I hadn’t made the final step until recently.  I stopped burning trash. In Alaska, people still do on trips, but it is illegal in Minnesota to do so, and burning plastics releases toxic gases.  Many food containers used have aluminum foil present, the bane of litter in the woods.  Contrary to many beliefs, aluminum foil does not melt, but it does fragment, so even burning the pouch and carefully collecting aluminum left some behind.  All trash was packed out, including dental floss, and when I brush my teeth, I spit into the fire pit, not spray it on leaves, many of which on campsites are white from others’ doing this.  Cleaning pots means getting the soap off, but away from the lake, scrubbing with scouring pads and not rinsing them in the lake.  It seems so tempting just to do it in the lake.  A little soap won’t hurt.  But yes, it will.
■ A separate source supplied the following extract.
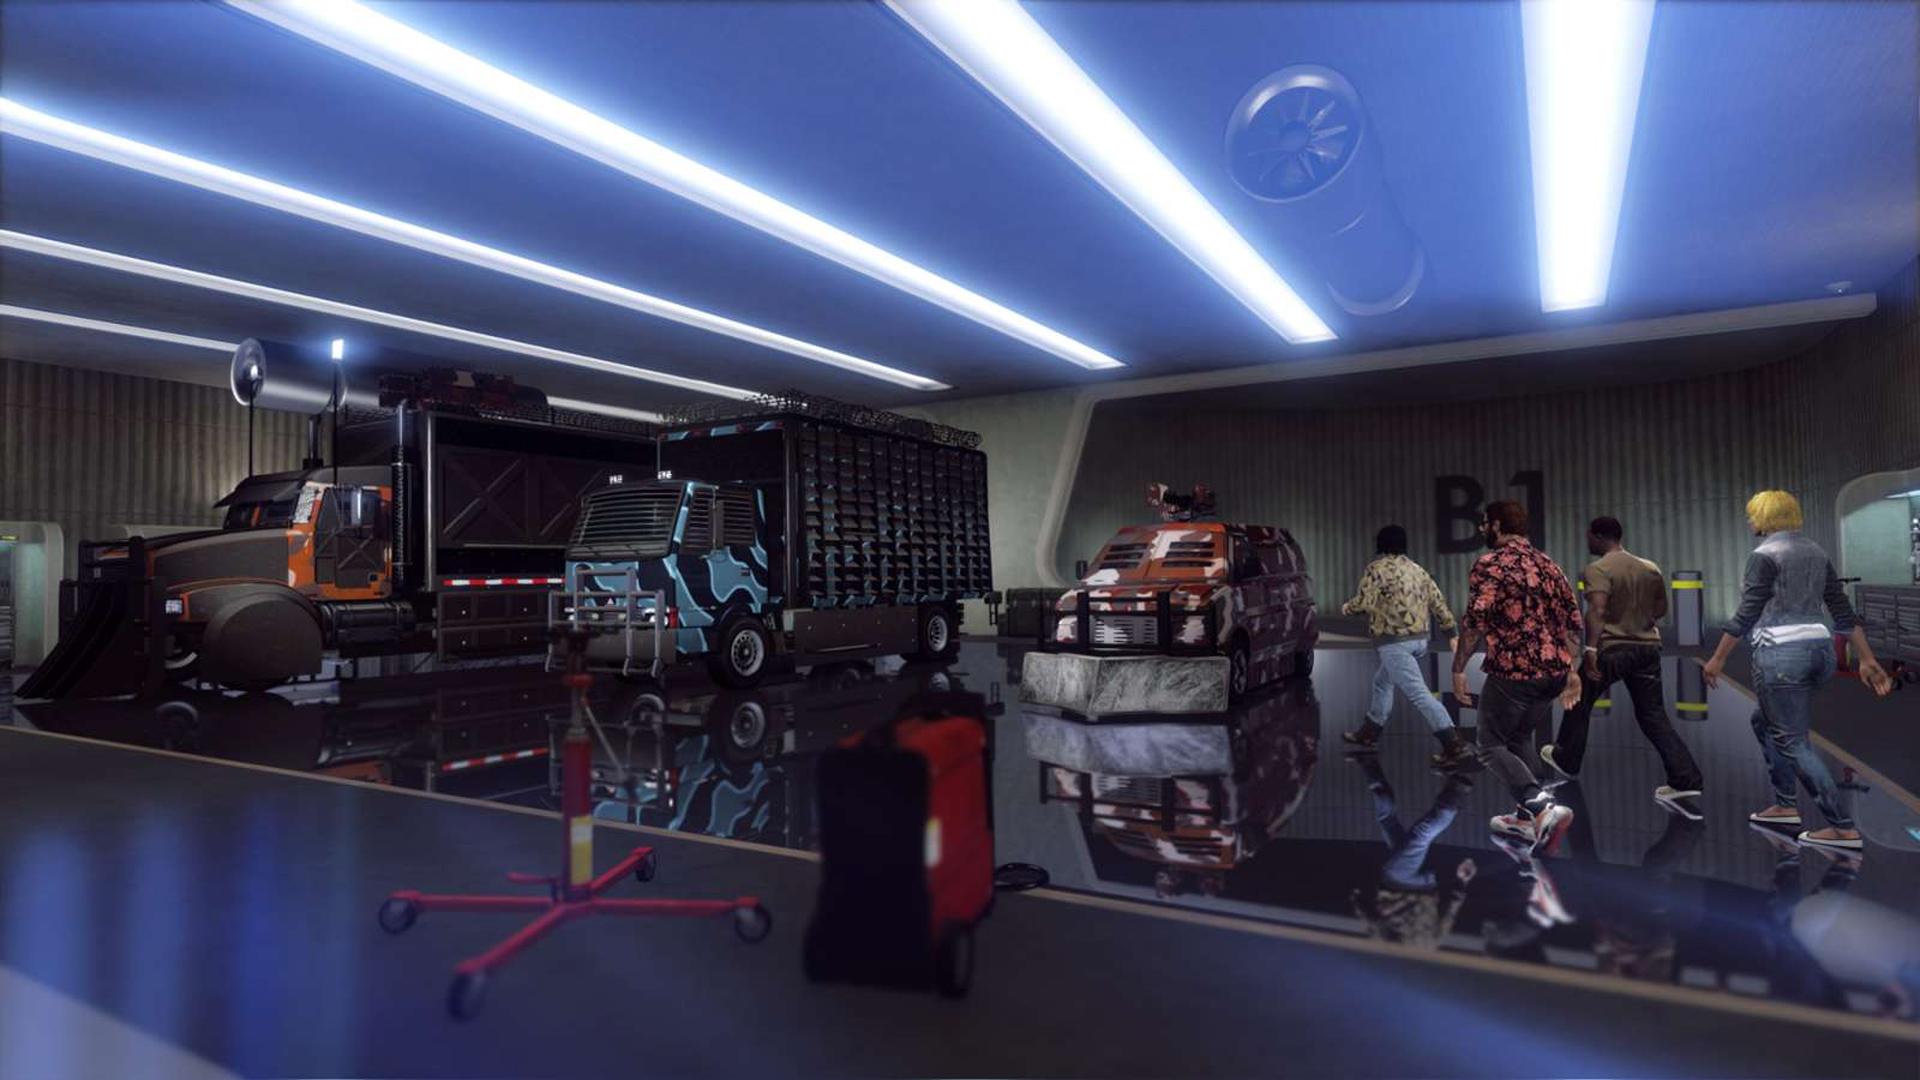 Что дает ночной клуб в гта онлайн фотоотчет из клубов москвы фото

In 1992, when I volunteered for the Forest Service in the Boundary Waters (BW), I saw first hand how LNT was being implemented. The BW has designated campsites, where one must stay.  This concentrates the impact to a few places, rather than many.
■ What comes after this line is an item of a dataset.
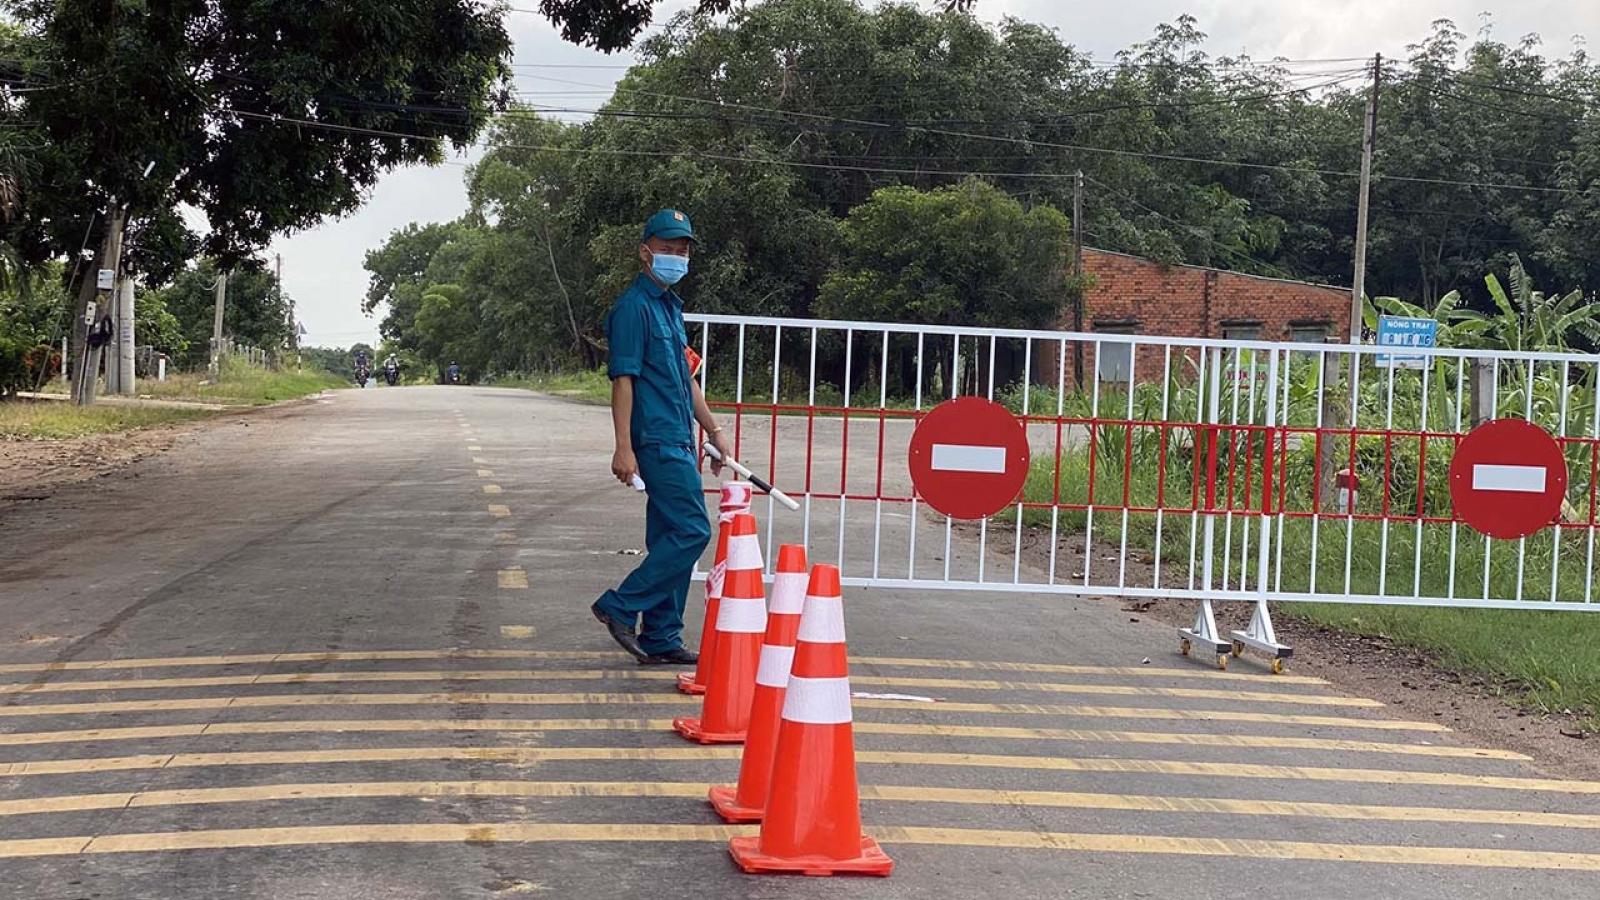 Số ca mắc Covid-19 tăng, Tây Ninh yêu cầu tăng cường biện pháp phòng, chống dịch

We need to regulate, because people don’t self-regulate well enough:

  • We must enter on a specific date and place.  The length of time one may stay and exit may not be regulated.  We want to disperse people throughout the wilderness, not overwhelm designated campsites.
  • Campsites all have a fire grate, the only place a fire is allowed.  The fire must be out, dead out, tested by using one’s hands in the ashes, when one leaves the campsite, be it for good or for a day trip.  I’ve seen experienced people leave burning fires when they day tripped.
  • It is illegal to cut, deface a tree or pick flowers.  The days of tent stringers are long gone; new tents are easier to pitch and leakproof.  Despite Thermarests, people still cut pine boughs, but it is rare.  Still, many trees are defaced by having nails driven into them to hang packs off the ground or for clotheslines, neither of which is necessary.
  • Only 9 people and 4 watercraft may be at the same place at the same time.  This removes crowds.  On busy portages, crowding may be a problem, but with 250,000 visitors annually to the border lakes, rules are needed.
  • No cans or bottles are allowed in the BW except for medications, fuel, and toilet articles, one of the first rules and one of the best. Can pits are long gone.
  • The latrine at each campsite concentrates human waste in one area. Nothing should be thrown into it, although I’ve seen fish, books, clothing, fuel bottles, and liquor.  Latrines may last a few years before being re-dug.  I have dug sixteen in the rocky soil, a difficult, nasty job, especially removing the old one and covering the prior area.  The Appalachian Trail Conservancy must come to grips with human waste with hikers passing through, because many don’t bother to bury their waste,  More and more LNT is requiring packing out human waste  We did it on Grand Canyon raft trips 35 years ago. If I live long enough and remain healthy, I see a day when will routinely I pack out my waste.

I have found these changes to be difficult to adopt, but with time, they become easier.  The idea is to leave a site better than it was when one arrives.  For the current generation, this should all be easy.  For my generation, it has required a lot of changes. It isn’t 1950 any more, we aren’t making new wilderness, and many would like to destroy the little we have.

We need wilderness for our sanity.  Some of us have long known it.  Others have yet to learn.

View from campsite in Boundary Waters, 2015.

View from campsite in Boundary Waters, 2015.